**What to produce:**
Look through the data below and extract, unchanged, the lines from the one that contains "Jute table runner" to the one that contains "結婚式質量残酷なBIOSPA(ビオスパ) 入浴剤 エプソムソルト", both included.

**Data in this exercise:**

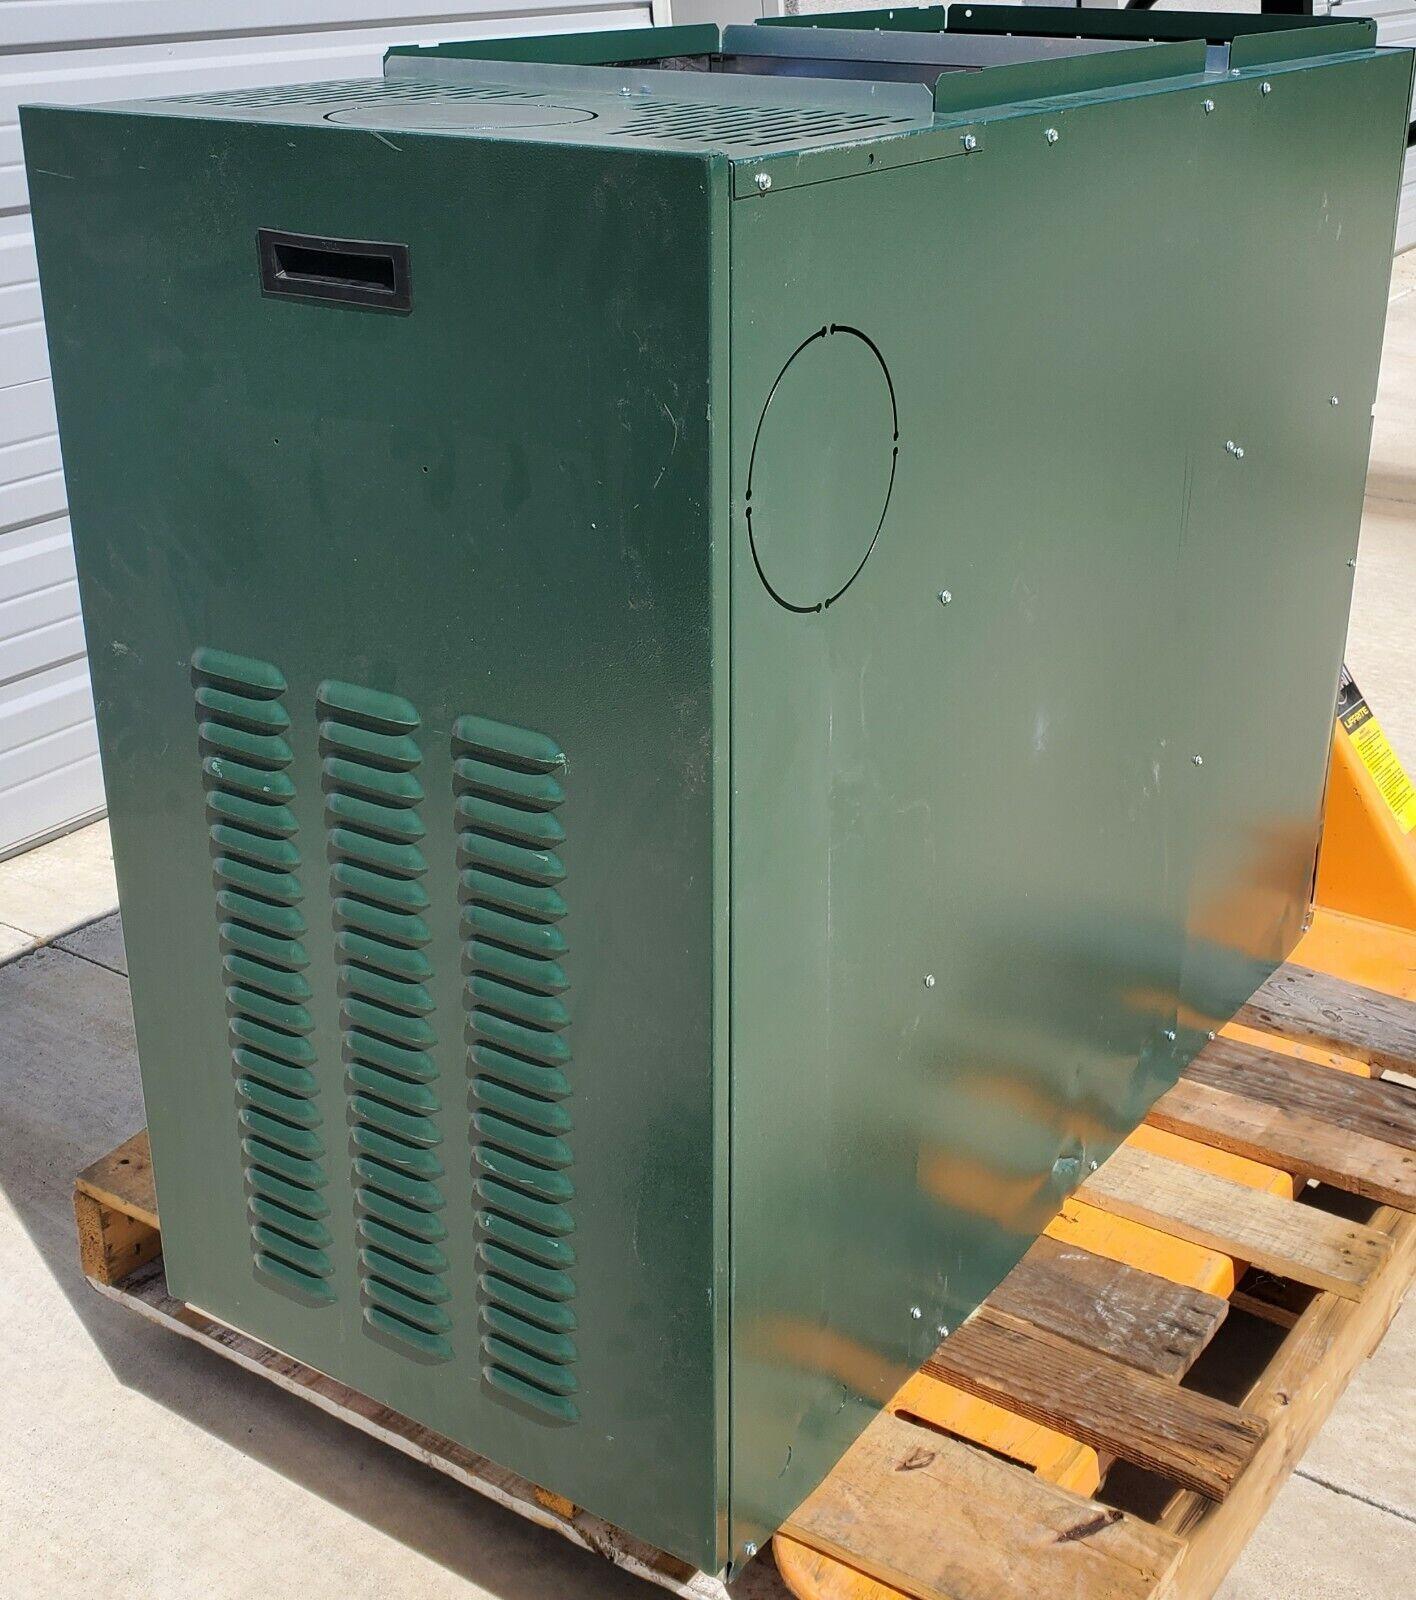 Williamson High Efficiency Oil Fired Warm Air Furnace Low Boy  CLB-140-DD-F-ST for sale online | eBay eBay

==

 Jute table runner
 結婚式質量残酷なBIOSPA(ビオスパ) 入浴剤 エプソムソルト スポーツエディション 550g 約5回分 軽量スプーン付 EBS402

---

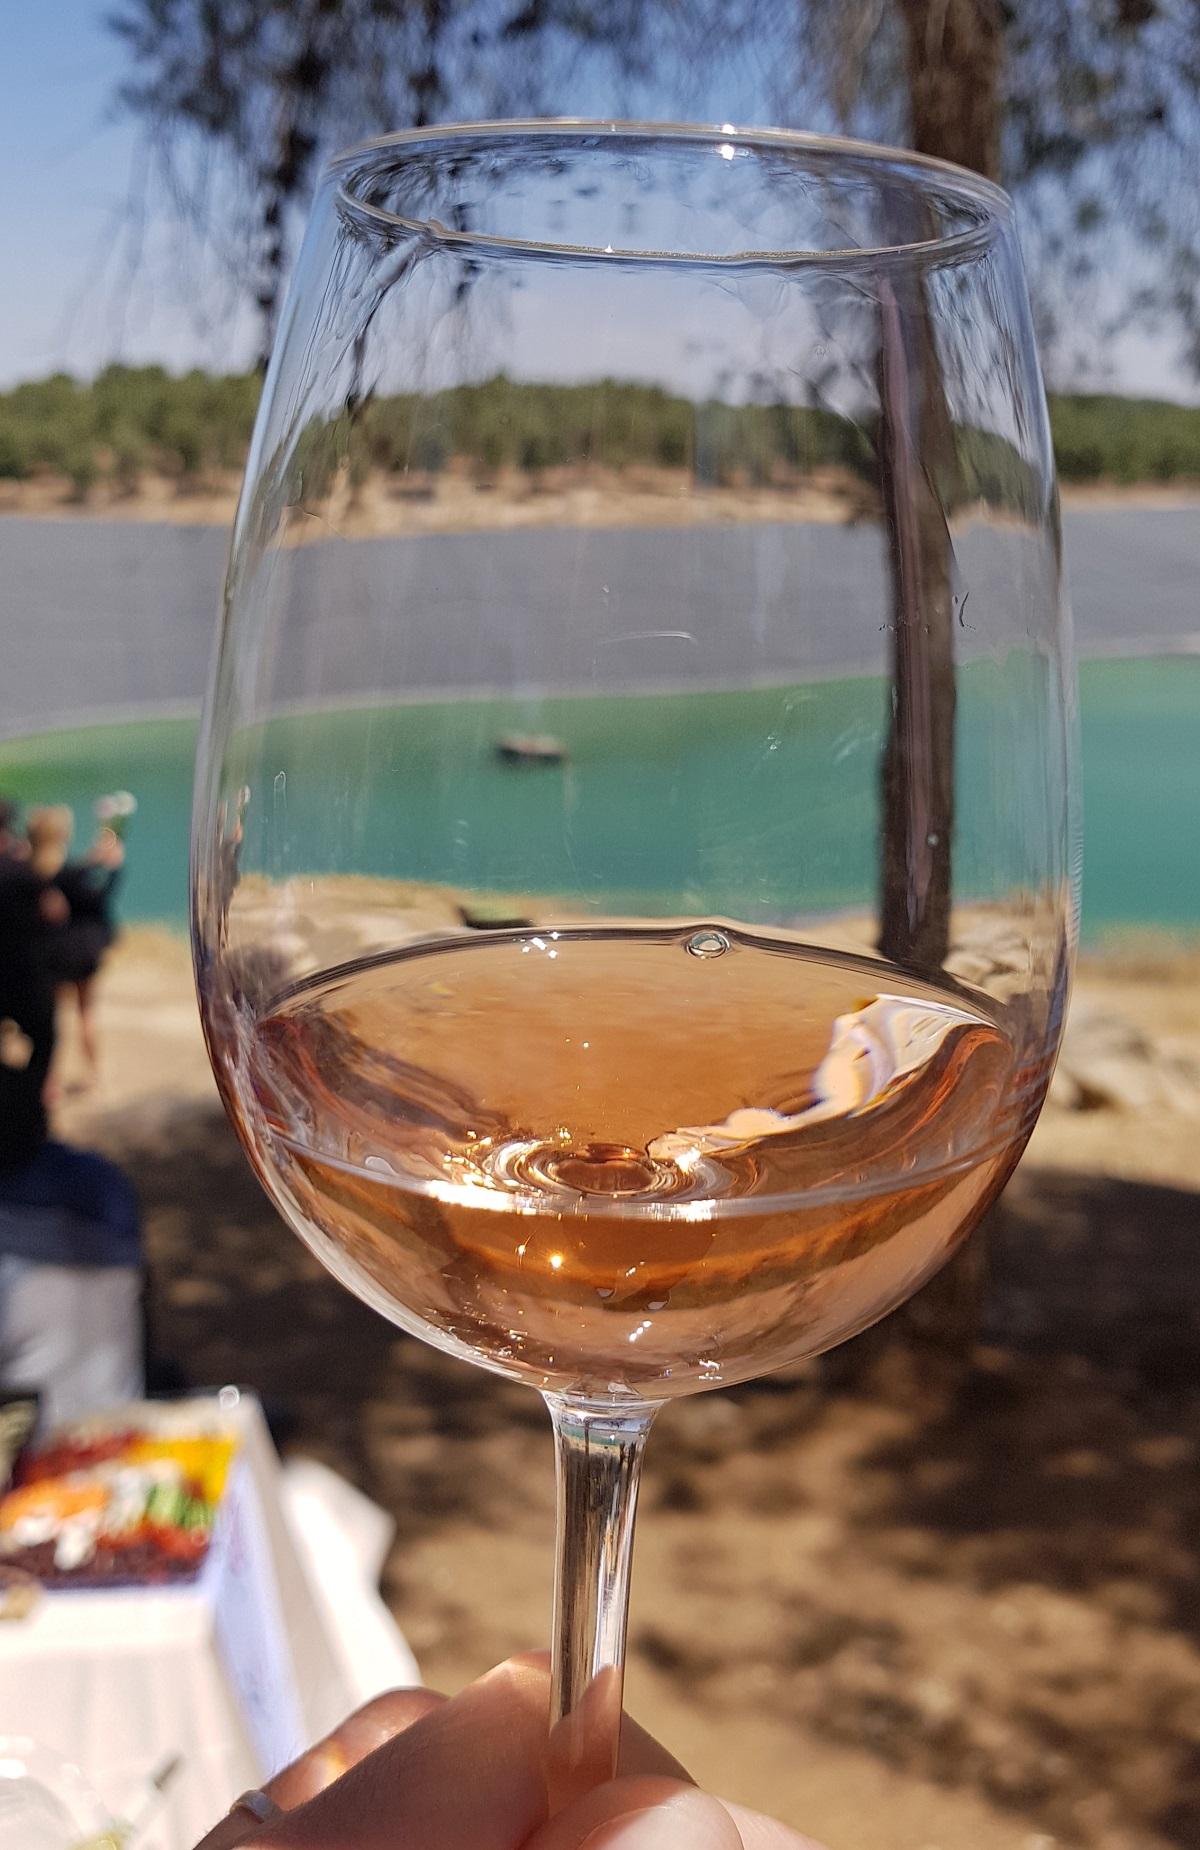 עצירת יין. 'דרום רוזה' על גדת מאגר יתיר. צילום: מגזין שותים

**Expected answer:**
 Jute table runner
 結婚式質量残酷なBIOSPA(ビオスパ) 入浴剤 エプソムソルト スポーツエディション 550g 約5回分 軽量スプーン付 EBS402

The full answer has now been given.